Plus nuancée, la cour d’appel d’Angers, par
un arrêt rendu contre la société Finamo
(Système U), le 29 mai 2007, a jugé que le
ministre pouvait solliciter la nullité des
clauses illicites et la répétition de l’indu en
l’absence des fournisseurs à la procédure.
Les demandes de cessation des pratiques
et de prononcé d’une amende civile ont en
revanche été jugées conformes à
l’article 6 § 1 de la CEDHLF comme
moyens de rétablir l’ordre public économique
troublé.
Le ministre a formé un pourvoi contre ces
deux arrêts, la Cour de cassation s’étant
prononcée par son arrêt du 8 juillet 2008
sur le premier.
Par un arrêt du 10 juin 2008, la cour d’appel
d’Angers a confirmé la position qu’elle avait
prise dans l’affaire Finamo actuellement
pendante devant la Cour de cassation. Elle
a ainsi estimé que le ministre disposait d’un
pouvoir propre pour exercer son action de
substitution à la victime. Ainsi, le fait de
solliciter la répétition de l’indu en l’absence
des fournisseurs à la procédure viole le droit
de ceux-ci garanti par l’article 6 § 1 de la
CEDHLF (droit de ne pas faire valoir leur
cause devant un tribunal). Le droit du
distributeur à un procès équitable serait
également violé s’il était fait droit à la
demande de répétition de l’indu du ministre.
La demande de cessation des pratiques et
celle visant au prononcé d’une amende
civile ont en revanche été jugées recevables
par la cour.
Par la suite, la cour d’appel de Versailles a
rendu deux arrêts (Ministre c/ Covadis et
Ministre c/ Genedis, 21 février 2008) par
lesquels elle a jugé que les demandes en
nullité des contrats illicites et en répétition
de l’indu étaient irrecevables du fait de leur
contrariété avec l’article 6 § 1 de la
CEDHLF. En revanche, la demande de
prononcé d’une amende civile a été jugée
recevable.
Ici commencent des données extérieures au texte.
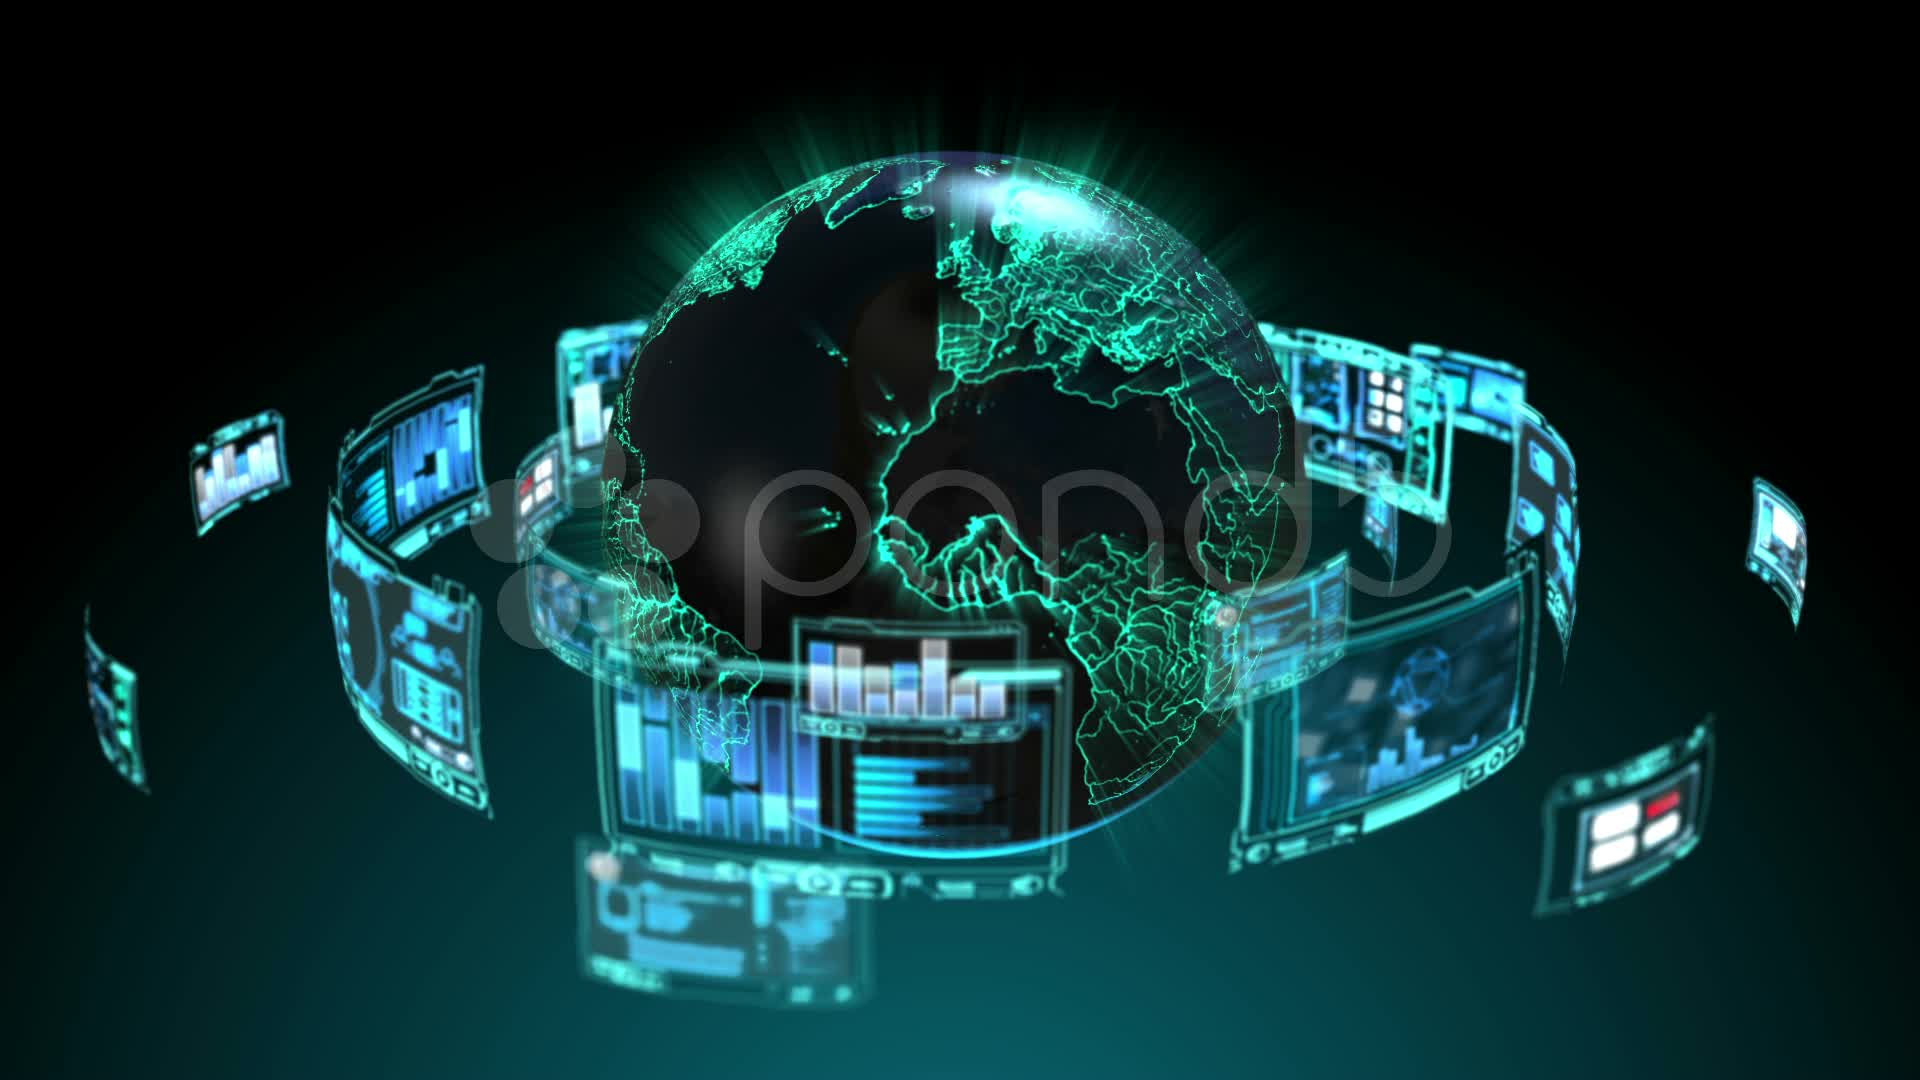 comunicazioni sicure & identità digitale
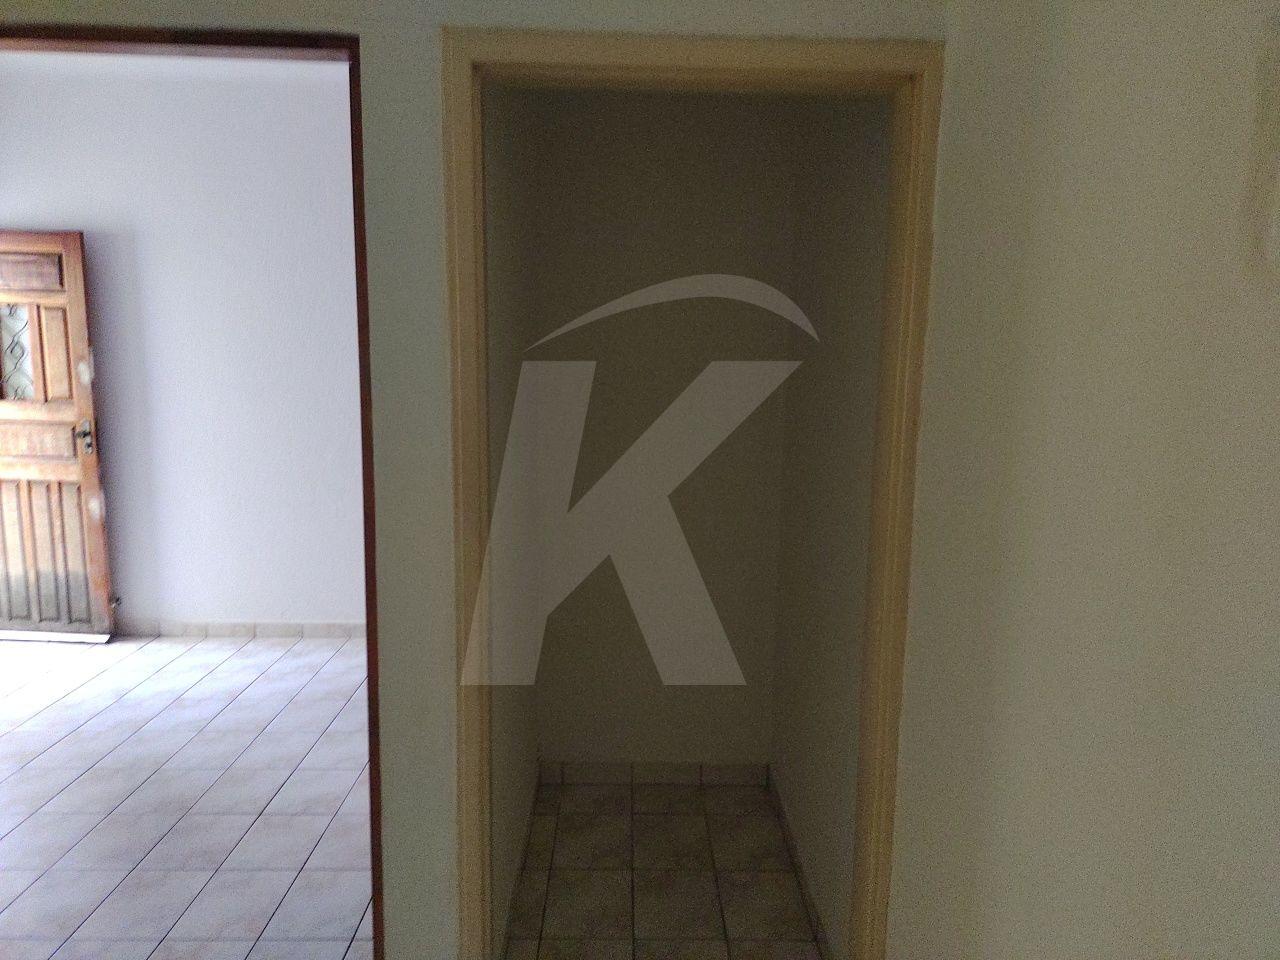 Alugar - Casa  - Jardim São Paulo(Zona Norte) - 1 dormitórios.

Ces deux arrêts marquaient donc
un infléchissement de la position prise par
la même cour dans l’affaire Galec qui a
donné lieu à l’arrêt de la Cour de cassation
du 8 juillet 2008. Ils sont désormais
définitifs.
Enfin, la cour d’appel de Grenoble, dans
son arrêt Ministre c/ Baguyled rendu le
6 mars 2008, a observé que le ministre
exerçait un pouvoir propre mais que
néanmoins, il mettait nécessairement en
œuvre les droits privés des victimes pour
rétablir celles-ci dans leurs droits
patrimoniaux même si c’était dans un but
de défense de l’ordre public économique.
En l’absence de ces victimes à la
procédure, celles-ci subissent une atteinte
à leur droit de disposer librement de leurs
droits individuels et le fournisseur est lui
aussi privé de son droit à un procès
équitable. Le ministre ne pouvait donc
demander l’annulation des contrats de
coopération commerciale illicites en
l’absence des fournisseurs concernés à la
procédure et cette nullité constituant un
préalable à l’examen des demandes de
cessation des pratiques, de prononcé de
la répétition de l’indu et d’une amende civile,
ces dernières demandes étaient aussi
irrecevables.
Pour intéressantes qu’elles soient sur le
plan du raisonnement juridique, ces
décisions n’en étaient pas moins gênantes
du fait que dans plusieurs affaires récentes
initiées par le ministre, le montant des
sommes dont la répétition était demandée
dépassait largement le plafond de l’amende
civile dont le ministre peut solliciter le
prononcé (celui-ci étant fixé à deux millions
d’euros avant que la loi de modernisation
de l’économie du 4 août 2008 ne permette
au juge de la prononcer à hauteur du triple
du montant de l’indu). Ainsi, la menace
d’une répétition de l’indu très lourde était
plus dissuasive pour les distributeurs que
celle de se voir infliger une amende civile
qui dans les faits, n’a jamais dépassé les
500.000 euros et ce, dans des affaires
concernant des centrales nationales
françaises de la distribution généraliste.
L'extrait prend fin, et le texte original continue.